[[ DATA PROVIDED, beginning ]]

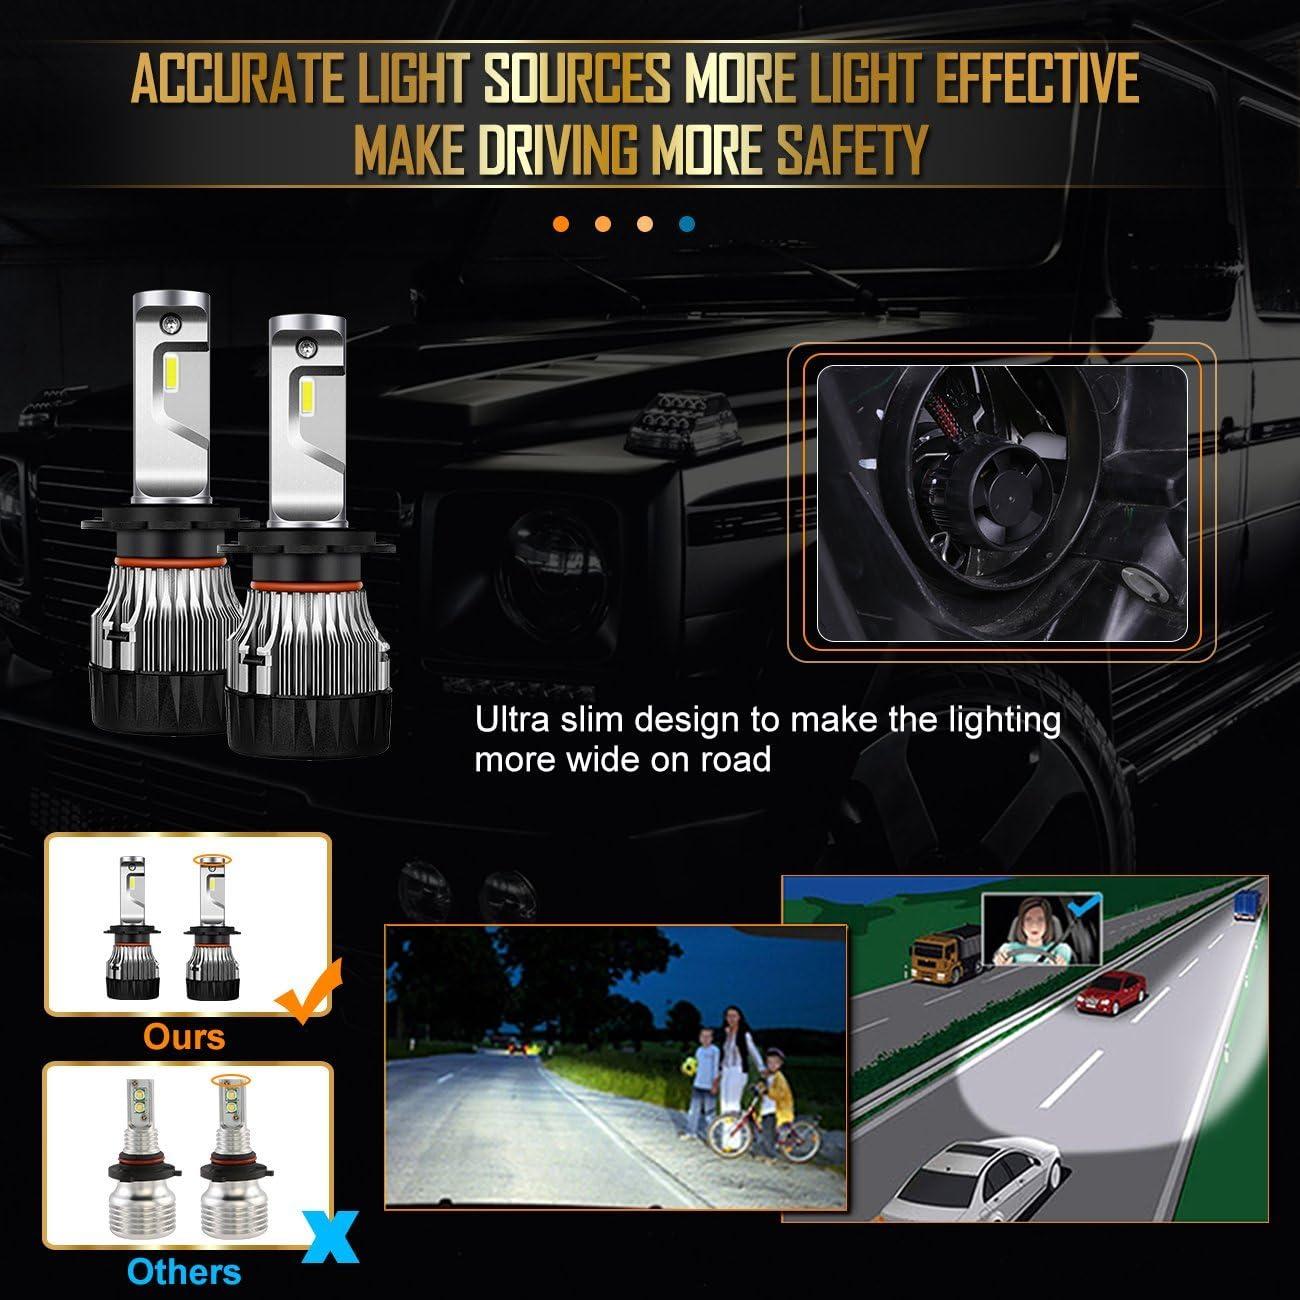 Led Headlight Bulbs,Rigidhorse H7 Mini Led Headlights 6500K 6600LM Conversion Kit,High/&Low Beam Fog Driving Lights 3 Years Warranty
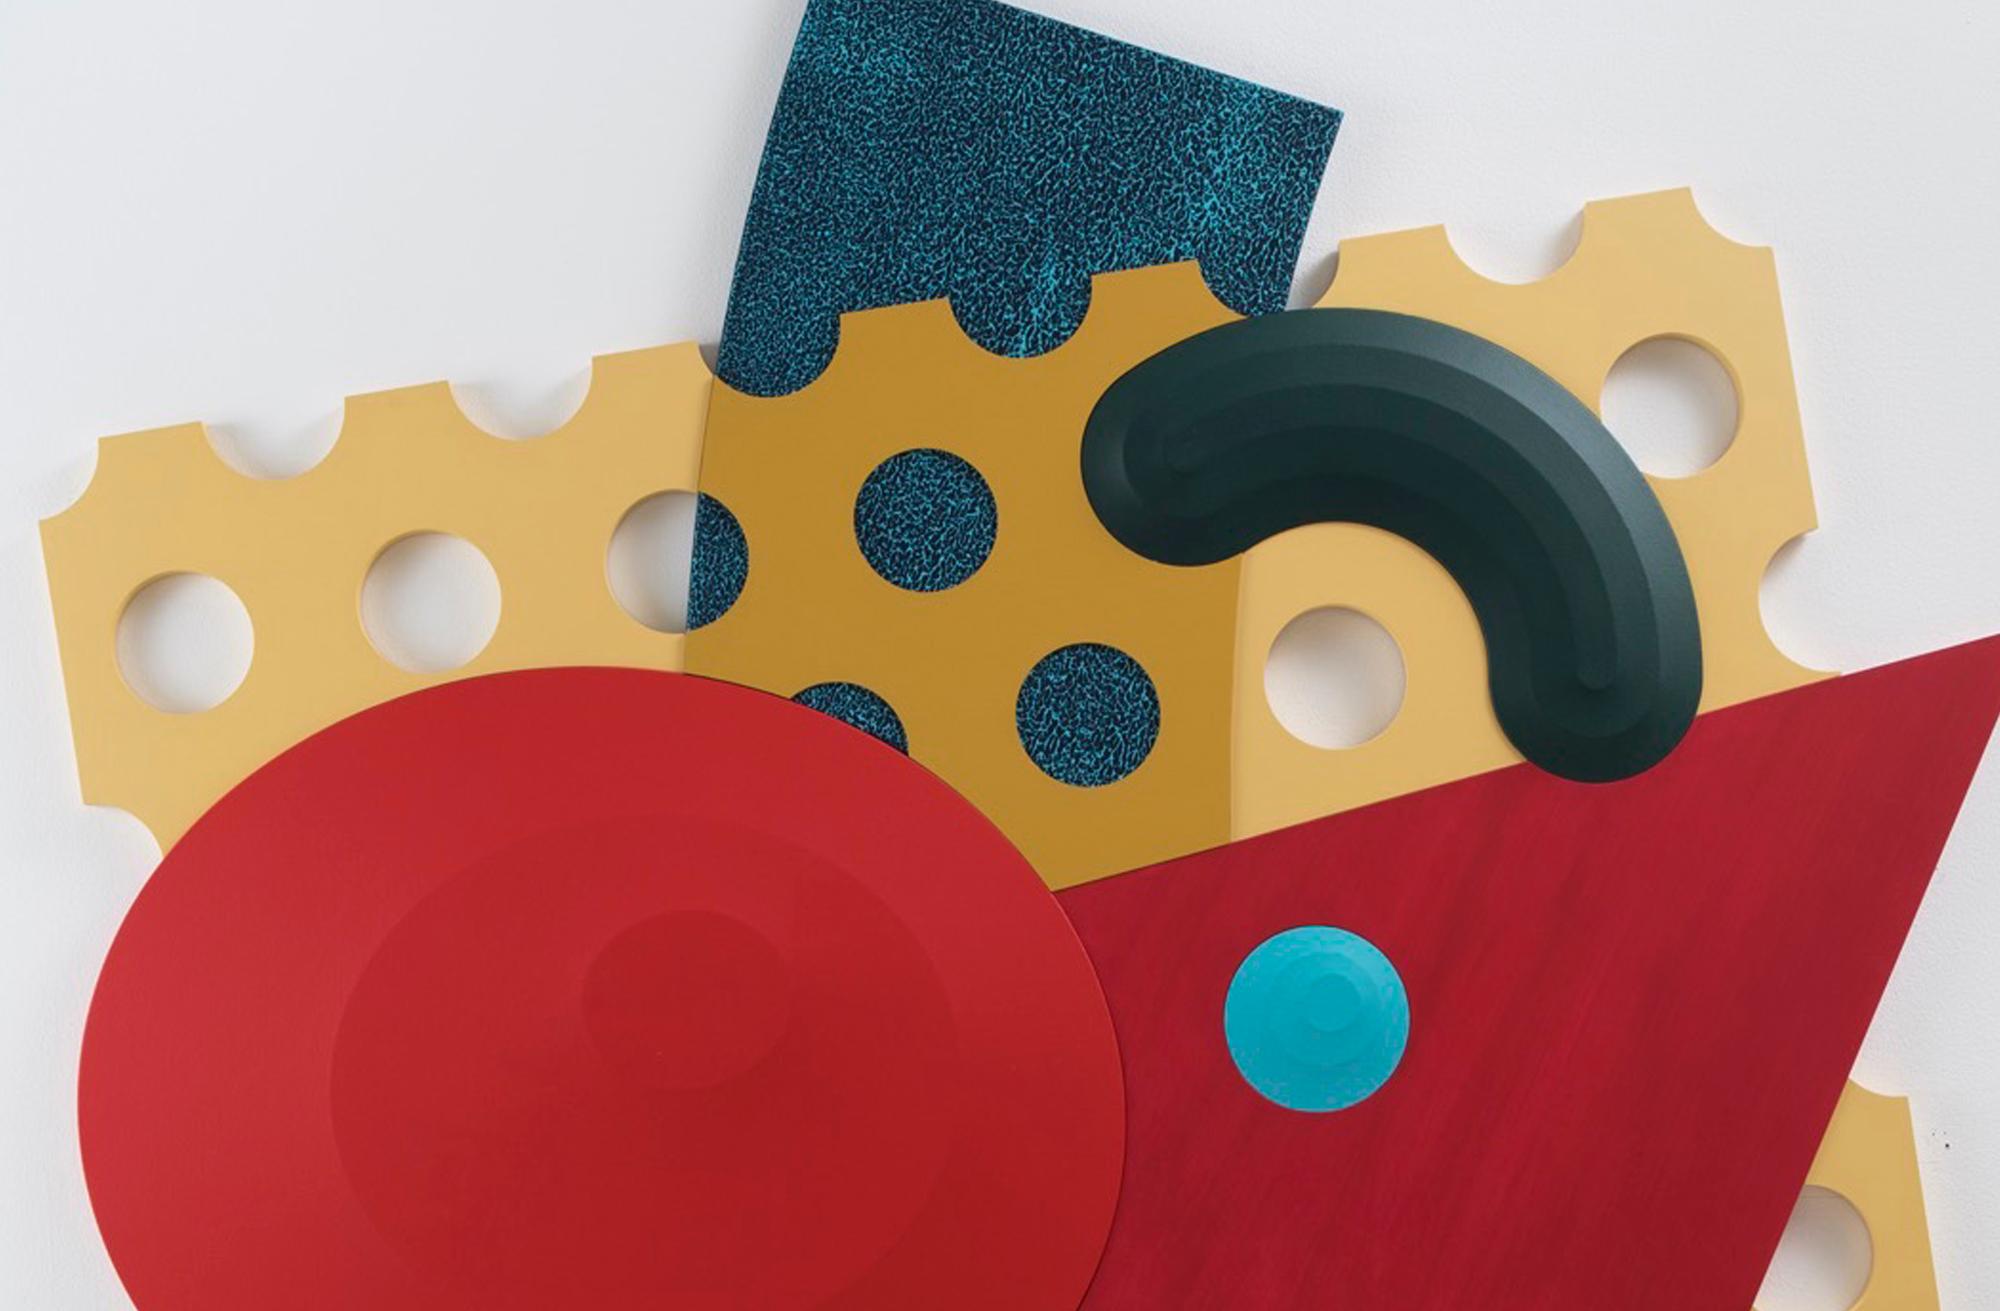 Josh Sperling réinvente la toile chez Perrotin
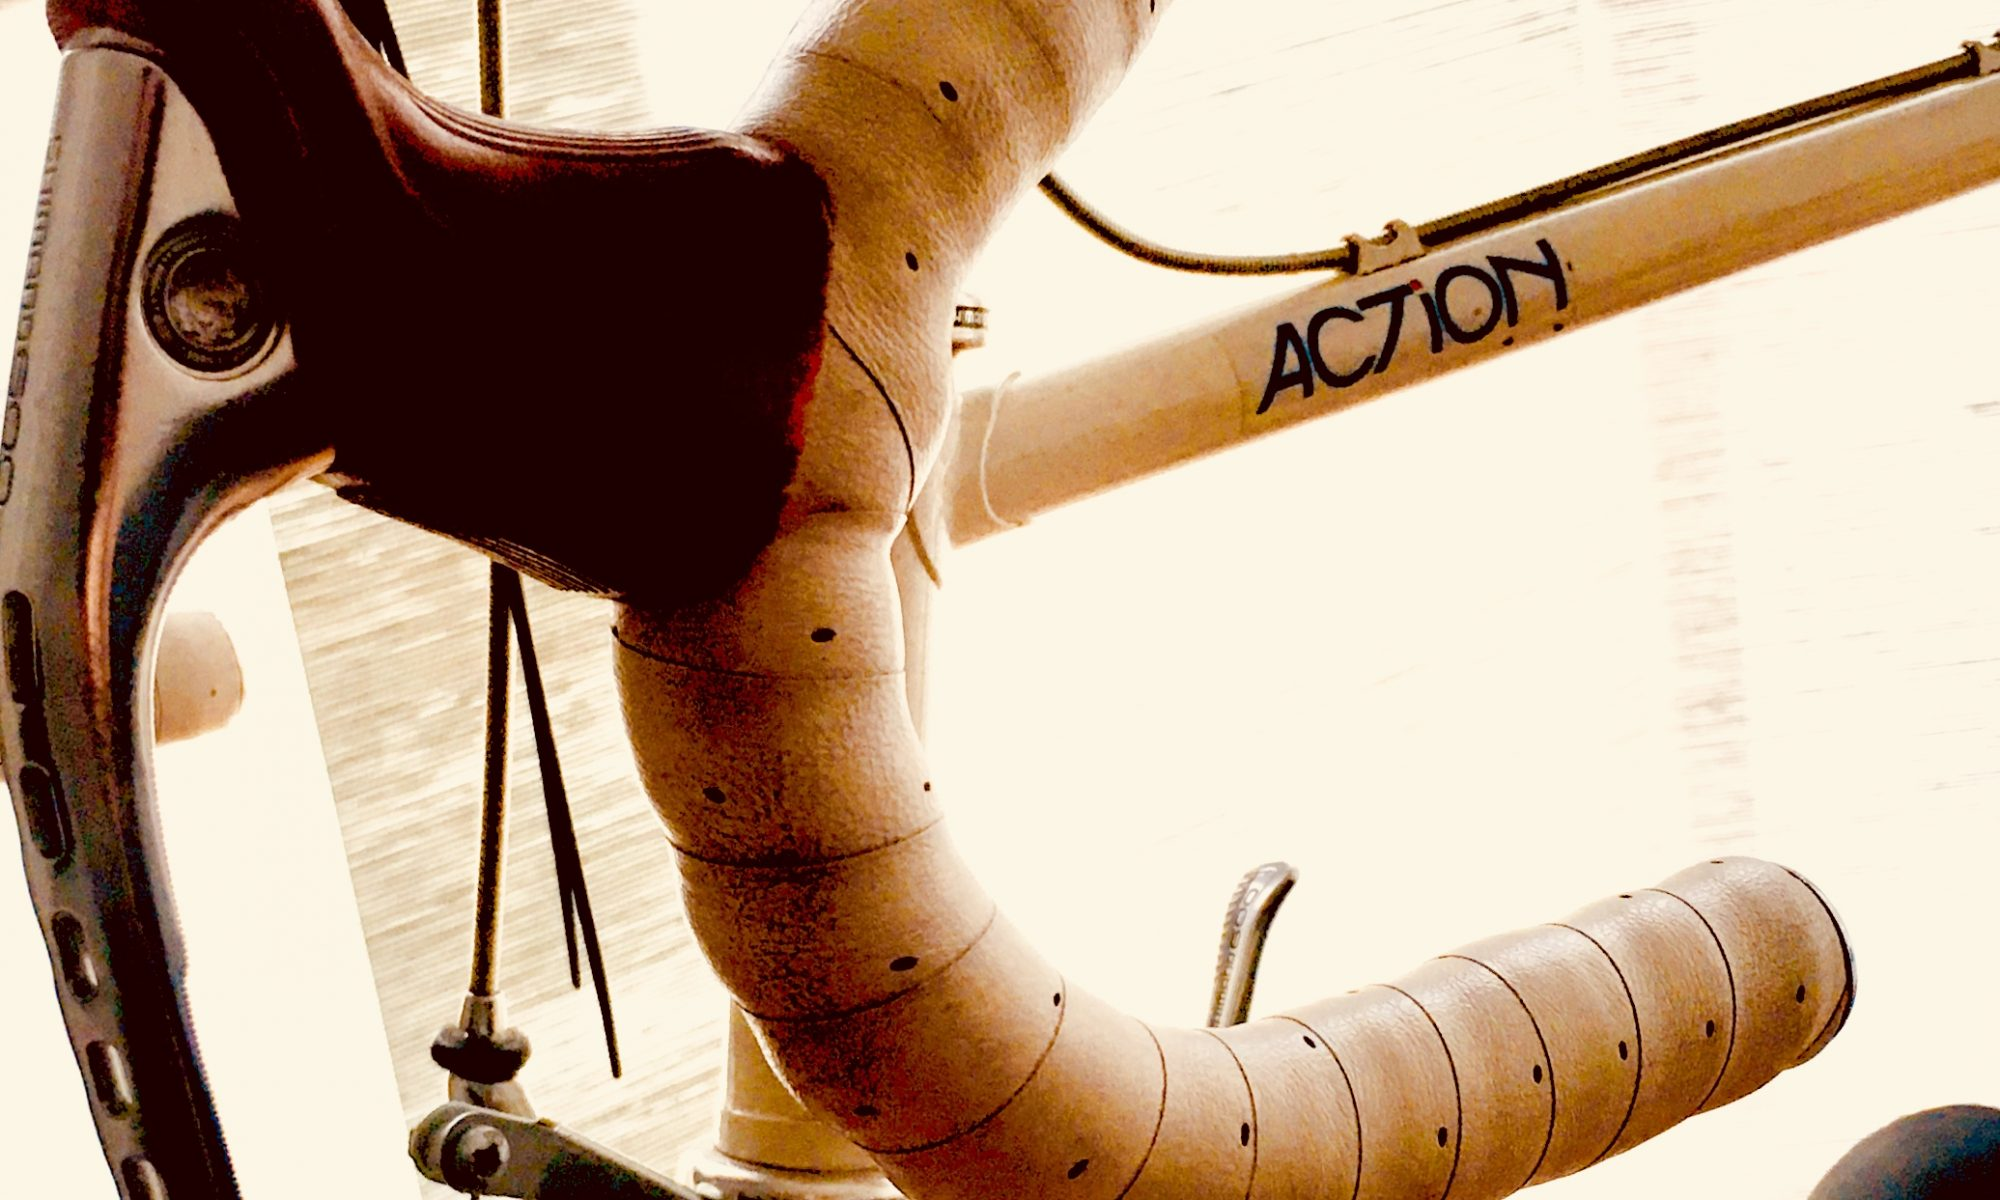 Canguro Bikes
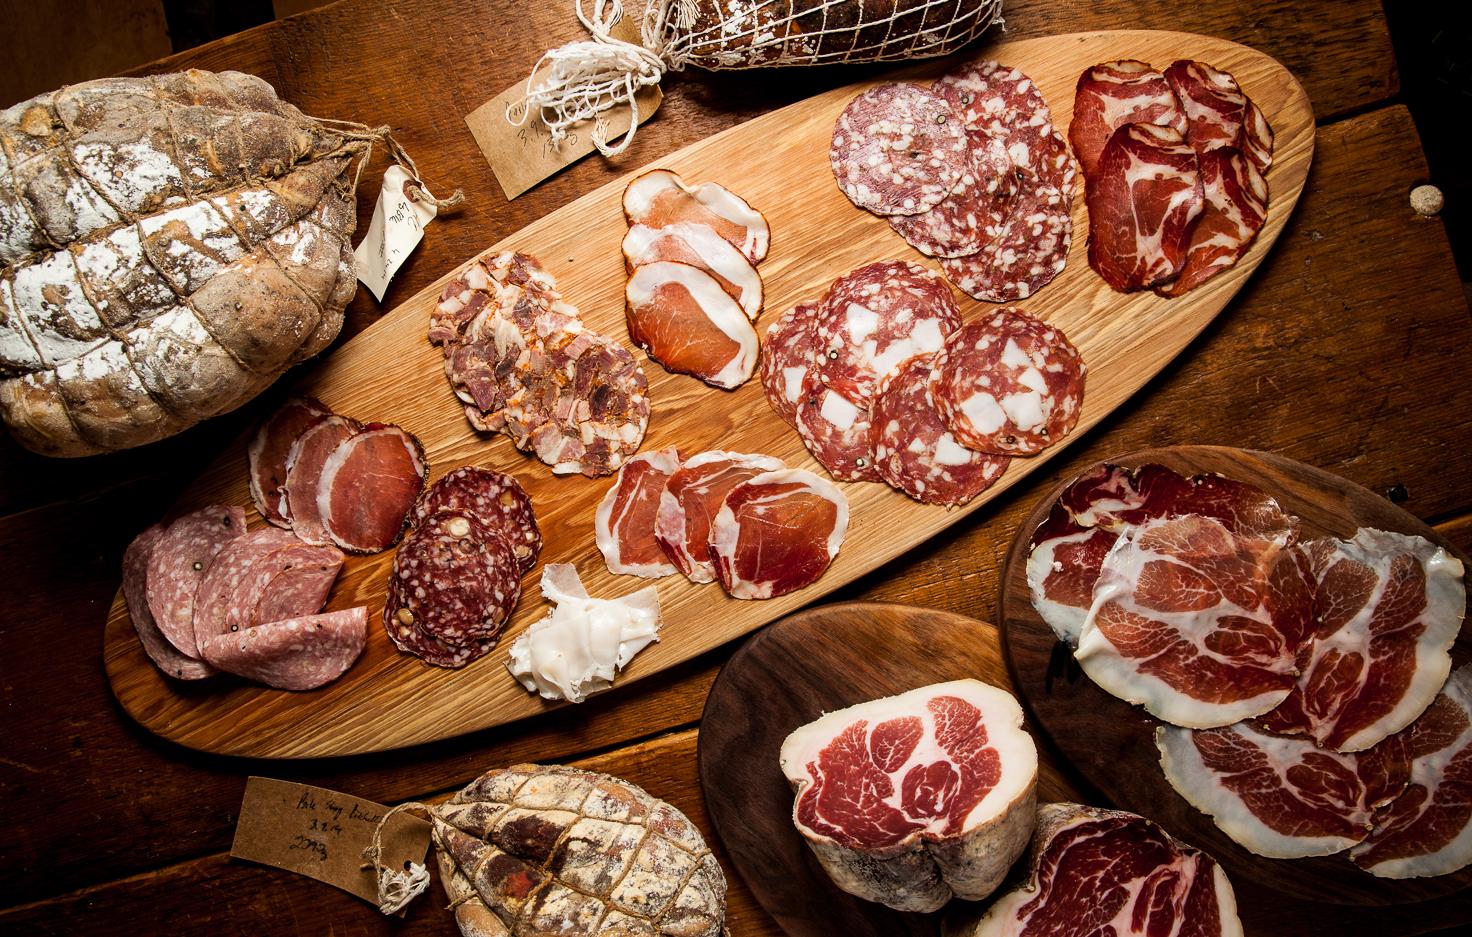 Cured meats at Salume Beddu in St. Louis, MO.

[[ DATA PROVIDED, end ]]

**DESCRIPTION OF THE TASK:** Restate the material above word for word, omitting the pictures.

**RESULT:**
 Led Headlight Bulbs,Rigidhorse H7 Mini Led Headlights 6500K 6600LM Conversion Kit,High/&Low Beam Fog Driving Lights 3 Years Warranty
 Josh Sperling réinvente la toile chez Perrotin
 Canguro Bikes
 Cured meats at Salume Beddu in St. Louis, MO.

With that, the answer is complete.